Problemas reais que eu vi acontecer

Uma situação que não é citada com frequência suficiente: a artéria umbilical única pode dificultar a colocação de cateter umbilical em recém-nascidos prematuros que precisam de suporte intensivo. Com apenas uma artéria disponível, o acesso venoso pelo cordão ainda é possível, mas o acesso arterial fica mais desafiador. Em uma ocasião, tive que orientar a equipe de neonatologia sobre a abordagem alternativa usando punção venosa periférica direta, pois a via umbilical arterial simplesmente não estava disponível. Isso economizou tempo precioso nos primeiros minutos de manejo. Outro ponto prático: algumas pacientes com AAU desenvolvem restrição de crescimento intrauterino (RCIU) mais frequentemente do que a gestação normal. Isso não é uma regra, mas a incidência é suficientemente alta para justificar o acompanhamento estreito. Se você está acompanhado e faz os ultrassons de crescimento em dia, qualquer desvio de curva será captado cedo.

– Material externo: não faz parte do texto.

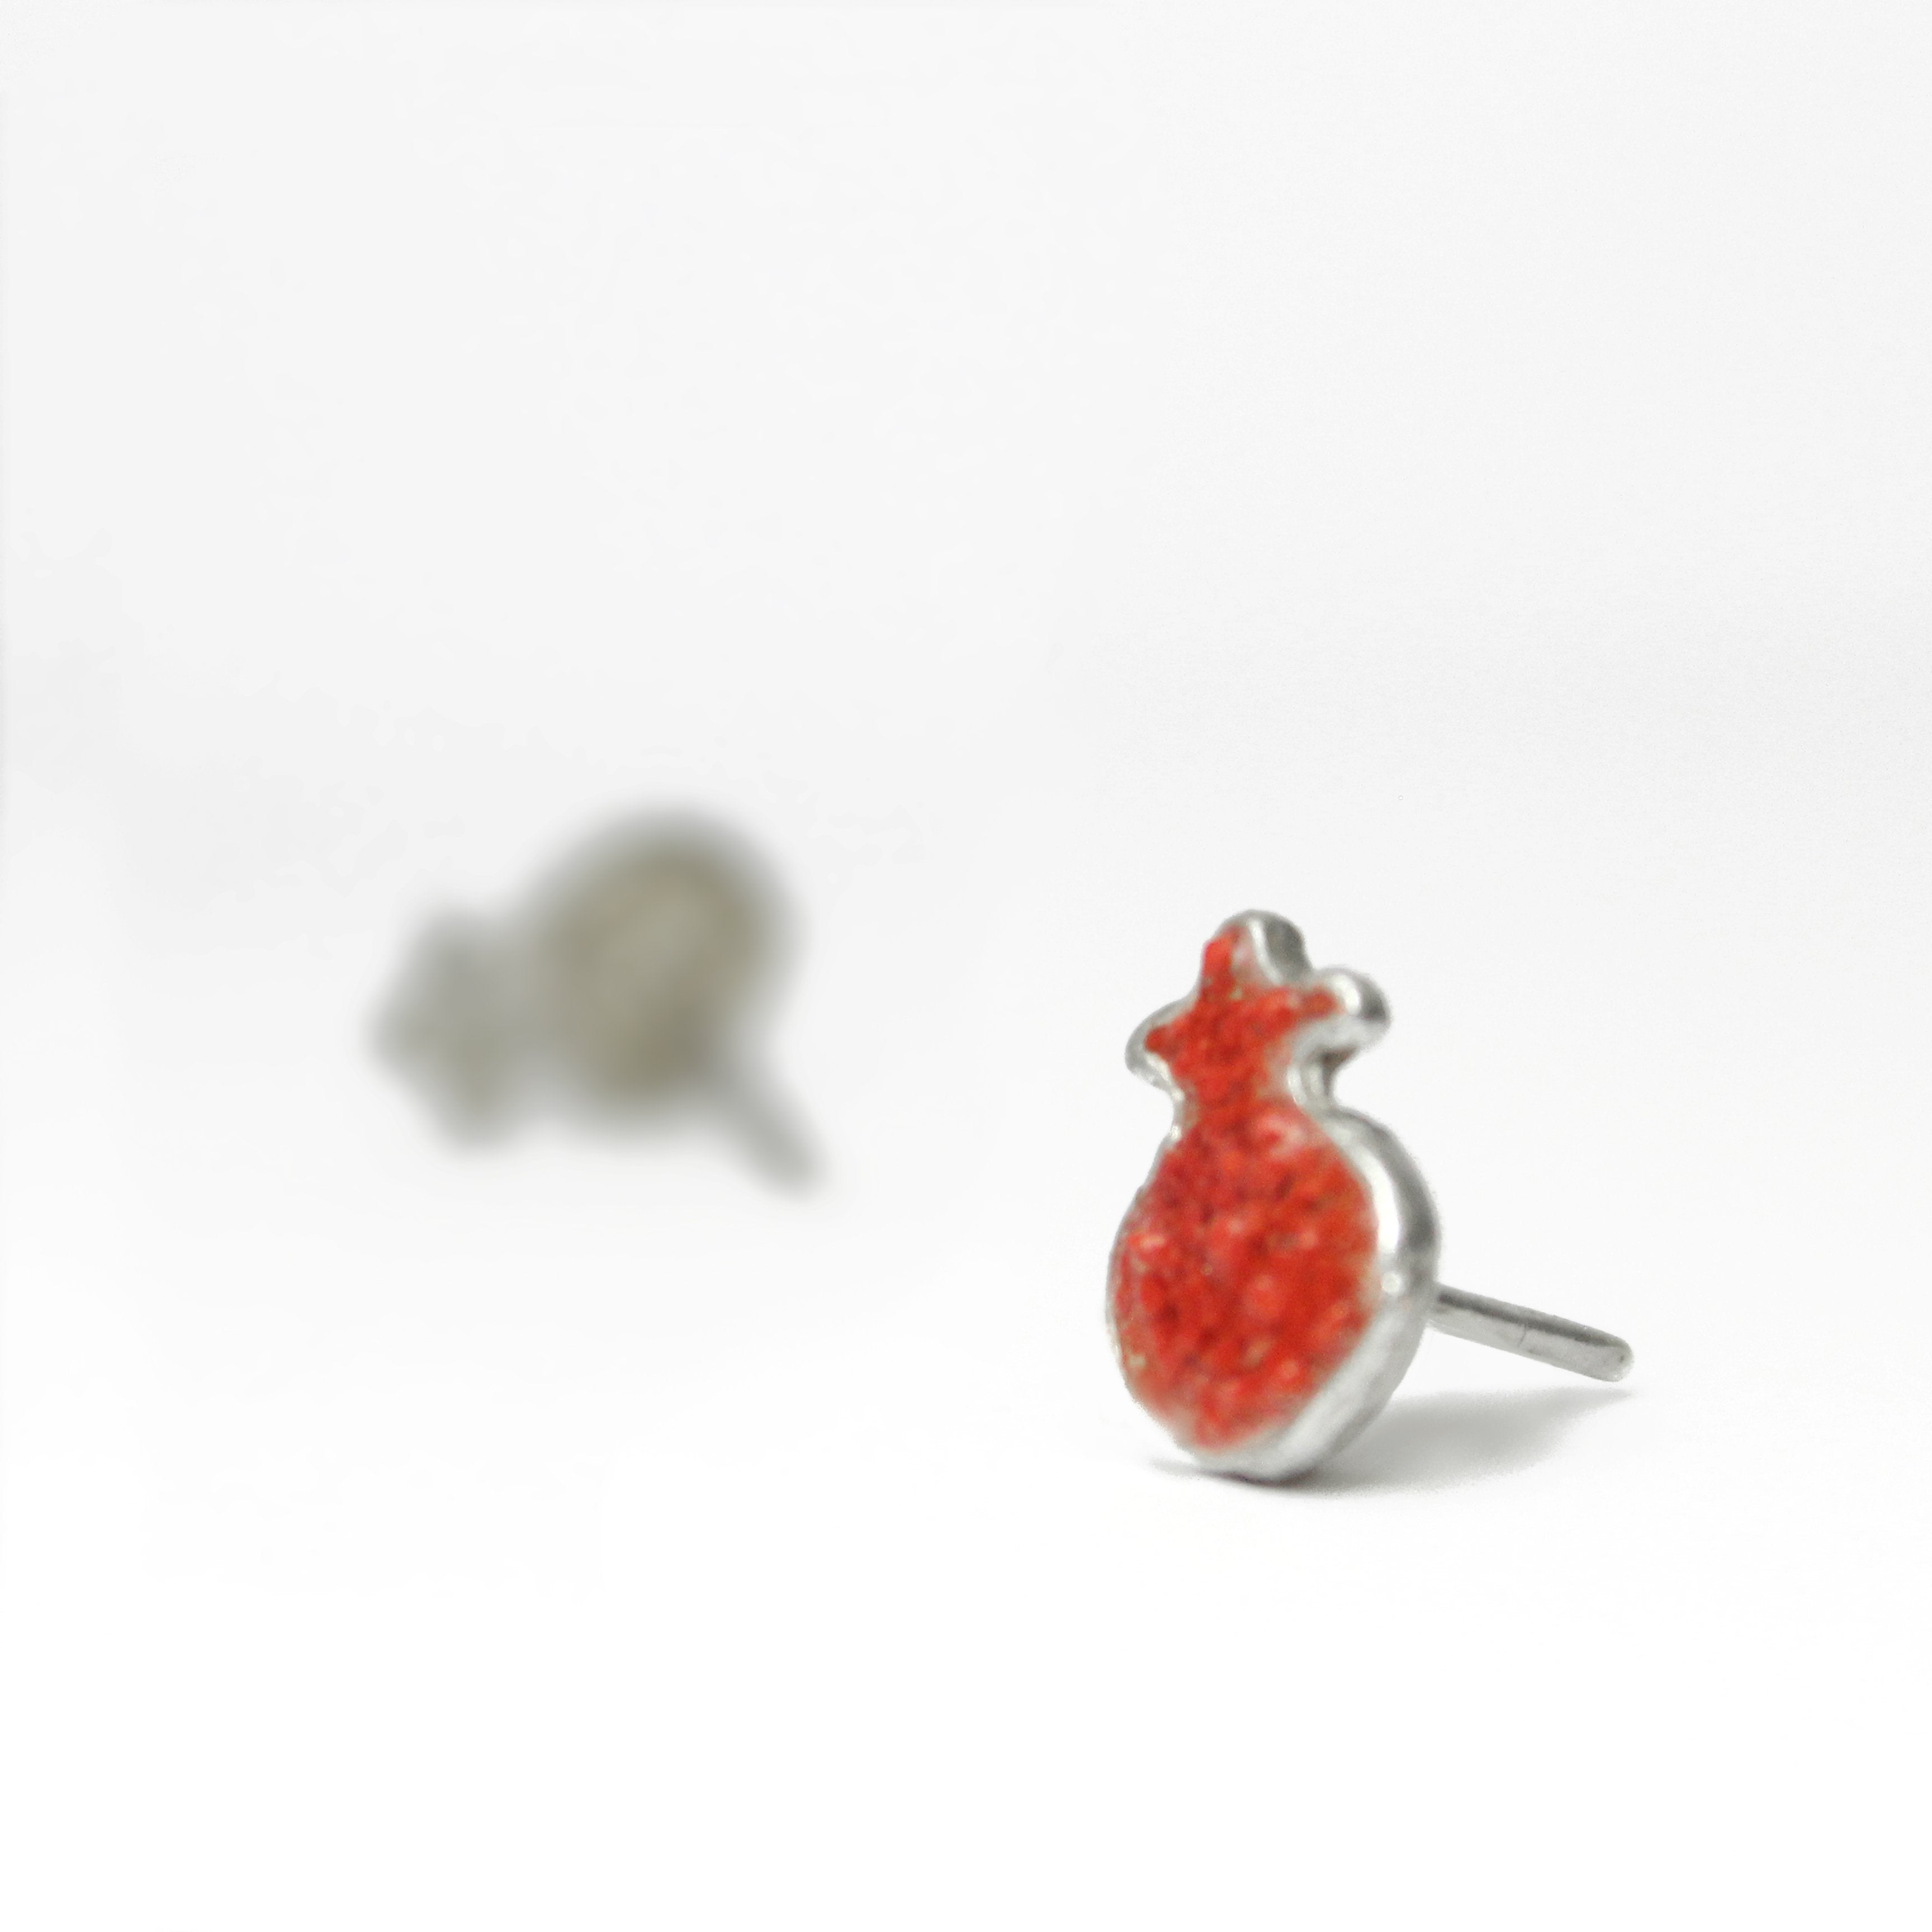 Red Pomegrant Silver & Stones Pierce Earrings - Shulamit Kanter

O que os depoimentos não dizem

Os relatos mais otimistas costumam omitir o impacto emocional. Gestar sabendo que seu bebê tem uma anomalia custa energia psicológica que não aparece nos "foi tudo bem no final" dos fóruns. A cada ultrassom seguinte, há uma mínima tensão até o resultado aparecer. Isso é normal e não é fraqueza. Reconhecer isso ajuda a pedir apoio quando necessário. Também é raro encontrar menção ao fato de que o parto podem ser indicado por cesariana em alguns casos, especialmente se houver RCIU associada ou alterações no Doppler. Não é automático. Muitas gestações com AAU isolada vão a termo e são conduzidas por via vaginal sem intercorrências. Mas estar ciente dessa possibilidade evita sustos na hora da decisão.

Resumo objetivo

Artéria umbilical única isolada tem bom prognóstico na grande maioria dos casos. O acompanhamento deve ser mais rigoroso, com dopplersonografia e ecocardiografia fetal. As principais complicações associadas são defeitos cardíacos, restrição de crescimento e maior vigilância no trabalho de parto. Depois do nascimento, crianças com AAU isolada se desenvolvem normalmente. O acompanhamento pós-natal costuma incluir uma avaliação cardiológica de confirmação, mesmo quando a ecocardiografia fetal foi normal. Se você ou alguém próximo recebeu esse diagnóstico, o mais importante é garantir que o acompanhamento prenatal esteja em dia. Isso transforma uma condição que assusta no papel em uma gestação que pode ser acompanhada com segurança.